Requires-Dist: spacy<4.0,>=3.8; python_version >= "3.12"
Requires-Dist: PyRuSH>=1.0.8
Requires-Dist: pysbd==0.3.4
Requires-Dist: jsonschema
Requires-Dist: medspacy_quickumls==3.2

[![License: MIT](https://img.shields.io/badge/License-MIT-yellow.svg)](https://opensource.org/licenses/MIT)
![Build Status](https://github.com/medspacy/medspacy/workflows/medspacy/badge.svg)

# medspacy
Library for clinical NLP with spaCy. 

![alt text](./images/medspacy_logo.png "medSpaCy logo")

**MedSpaCy is currently in beta.**


# Overview
MedSpaCy is a library of tools for performing clinical NLP and text processing tasks with the popular [spaCy](https://spacy.io) 
framework. The `medspacy` package brings together a number of other packages, each of which implements specific 
functionality for common clinical text processing specific to the clinical domain, such as sentence segmentation, 
contextual analysis and attribute assertion, and section detection.
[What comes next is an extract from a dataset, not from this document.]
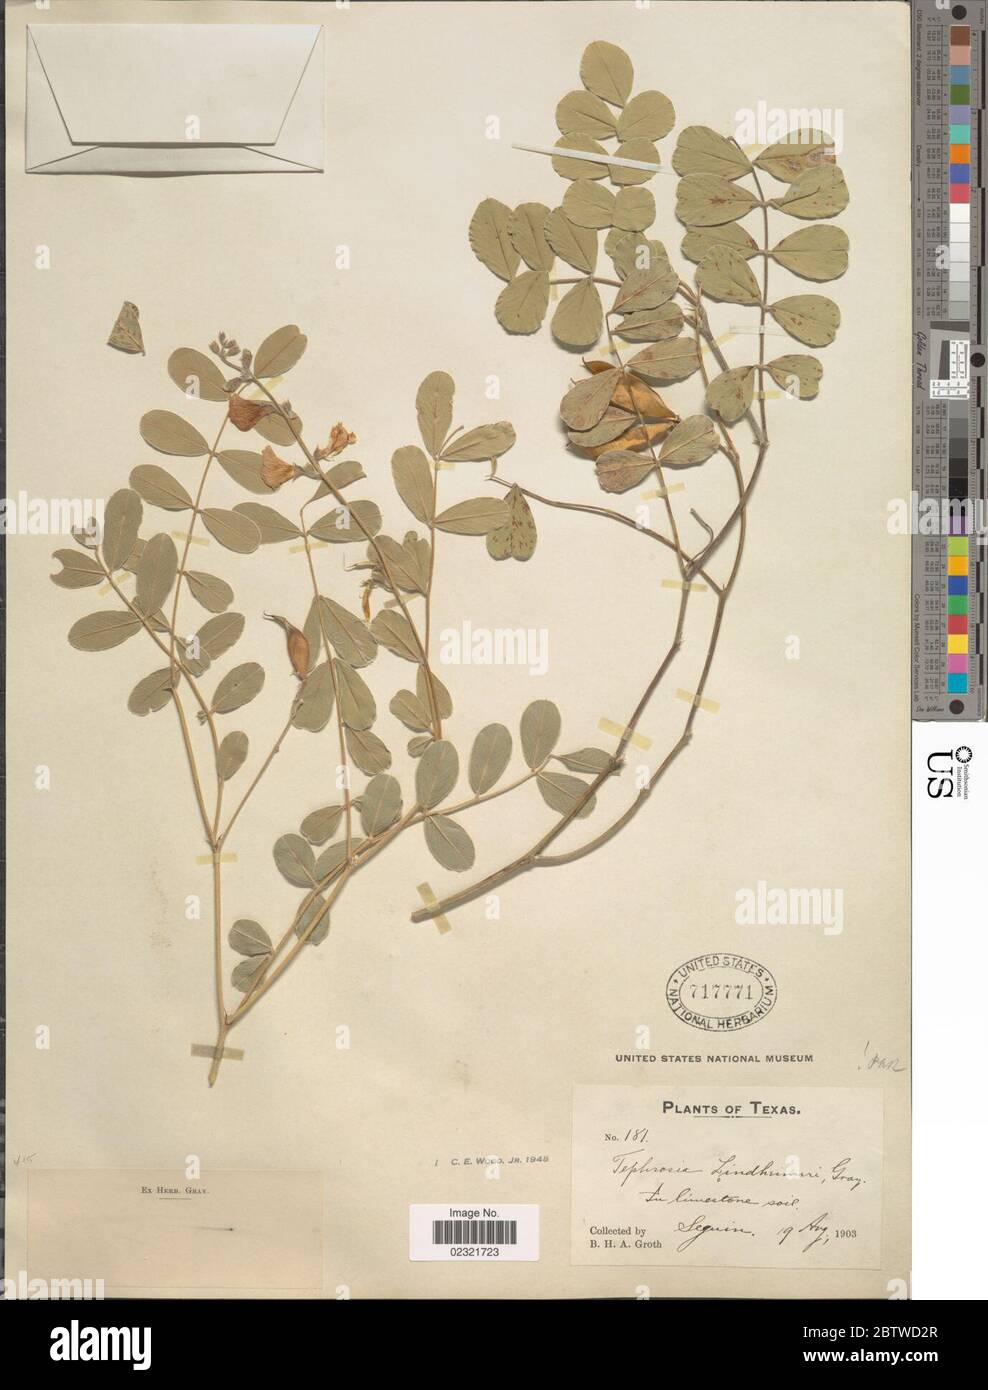 Tephrosia lindheimeri A Gray. Stock Photo

`medspacy` is modularized so that each component can be used independently. All of `medspacy` is designed to be used 
as part of a `spacy` processing pipeline. Each of the following modules is available as part of `medspacy`:
- `medspacy.preprocess`: Destructive preprocessing for modifying clinical text before processing
- `medspacy.sentence_splitter`: Clinical sentence segmentation
- `medspacy.ner`: Utilities for extracting concepts from clinical text
- `medspacy.context`: Implementation of the [ConText](https://www.sciencedirect.com/science/article/pii/S1532046409000744)
for detecting semantic modifiers and attributes of entities, including negation and uncertainty
- `medspacy.section_detection`: Clinical section detection and segmentation
- `medspacy.postprocess`: Flexible framework for modifying and removing extracted entities
- `medspacy.io`: Utilities for converting processed texts to structured data and interacting with databases
- `medspacy.visualization`: Utilities for visualizing concepts and relationships extracted from text
- `SpacyQuickUMLS`: UMLS concept extraction compatible with spacy and medspacy implemented by [our fork](https://github.com/medspacy/QuickUMLS) of [QuickUMLS](https://github.com/Georgetown-IR-Lab/QuickUMLS). More detail on this component, how to use it, how to generate UMLS resources beyond the small UMLS sample can be found in [this notebook](notebooks/11a-QuickUMLS_Extraction_Defaults.ipynb).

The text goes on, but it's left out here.